Above an excerpt of the presentation given during my last talk at the Universidad Europea, in Spain. The text is cross posted from the institutional website – and here.

Universidad Europea has launched the second edition of the discussion cycle Education. Educate to Transform with a lecture given by Cristóbal Cobo, a researcher at the University of Oxford, on the opportunities technology offers education.

During the session, Cristóbal Cobo set out his vision of how technology has revolutionized society to the extent it has exerted an increasingly greater impact on the field of education: “The value of knowledge and the way in which we learn has been redefined. If we made a tower out of all the reference books there are in the world, the tower would stretch from here to Pluto 20 times over”. The challenge, as such, is no longer having access to information but lies in the possibility of having sufficient time to handle it.

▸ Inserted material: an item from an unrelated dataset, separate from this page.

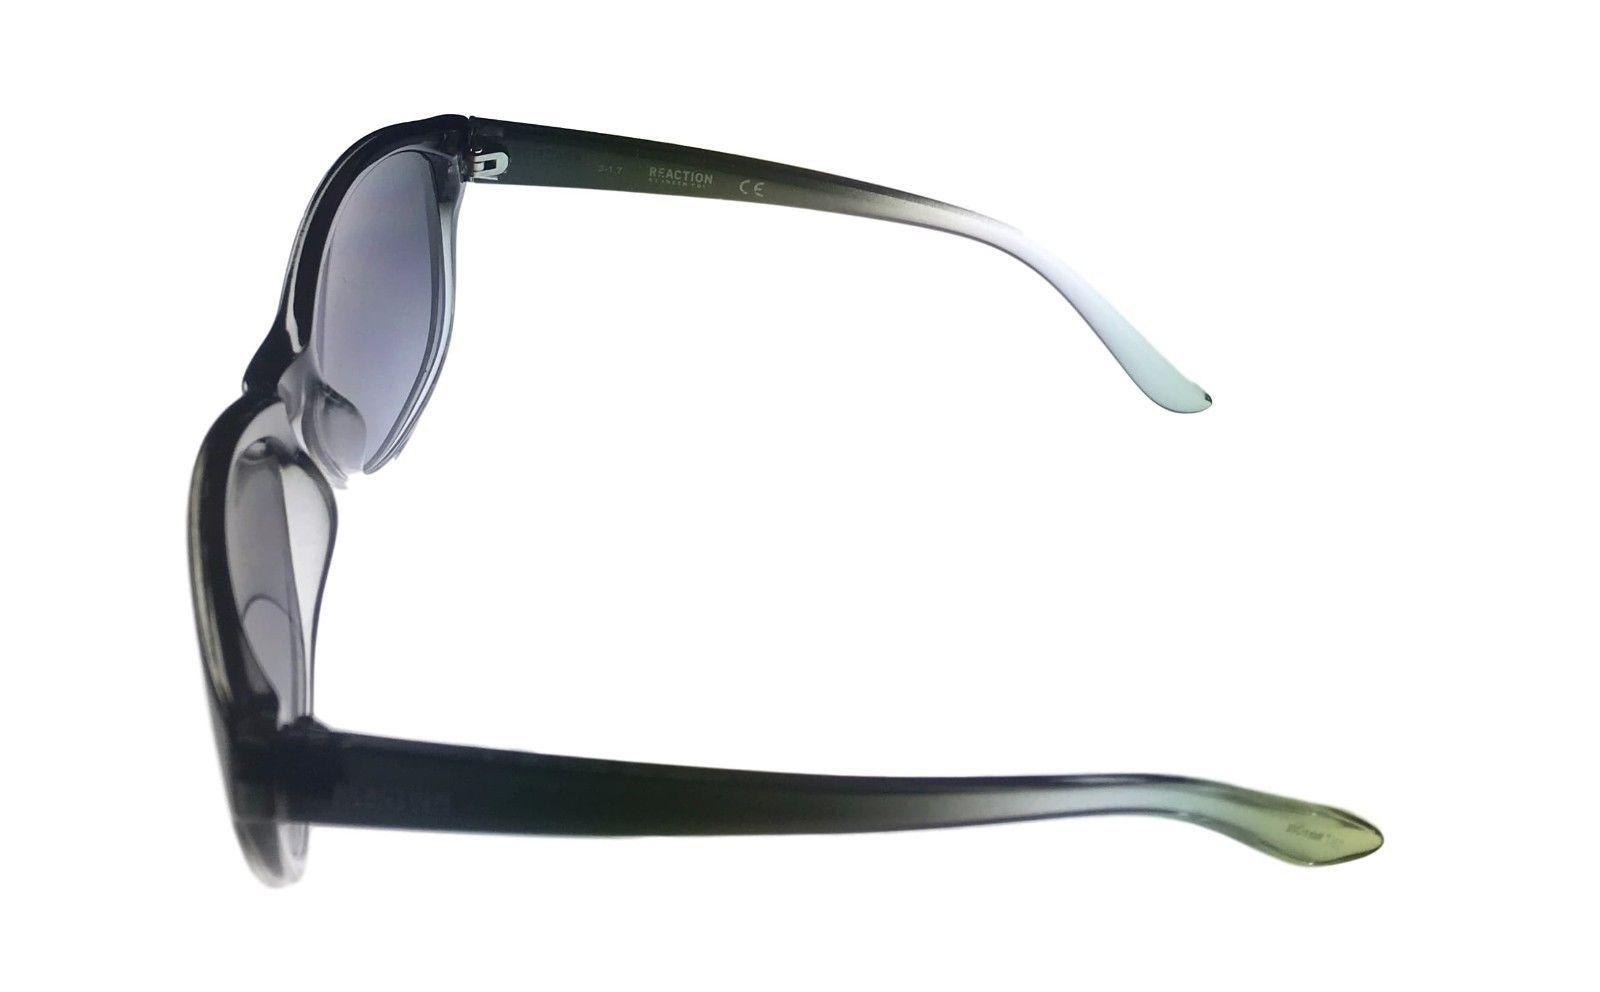 Kenneth Cole Reaction Mens Plastic Sunglass Black Fade, Gradient KC1290 5B image 3

“There are those that insist that the problem of education using new technologies is the same as those of the ice makers when the fridge was invented. However, we do not offer ice, but cold. We, as educators, teach how to learn“, continued Cobo.

To conclude, the researcher emphasized how new technologies enhance education: “I believe that we should not fight technology, because it brings together many interests, not only the educational. We have to introduce technologies into the classroom, at the same time as developing a methodological change in the way the professor is trained so that they use technologies without fear”. As a result, in this new educational context, the professor has to become “a driving force, putting forward challenges so that the student learns to learn using the tools they have to hand. In this highly complex ecosystem that is the Internet, a greater level of learning is achieved by the student and greater dedication and effort by the professor”.

Cristóbal Cobo is a researcher affiliated to the Oxford Internet Institute and collaborates on different projects undertaken by the European Commission. He is co-author, together with J. Moravec, of Invisible Learning: Towards a new ecology in education, among other works. His speech marked the start of the second edition of Education, a forum that this year will be attended by experts including the former Minister for Education, Ángel Gabilondo and Adrian Kearney, director of the International Baccalaureate Foundation for Africa, Europe and the Middle East.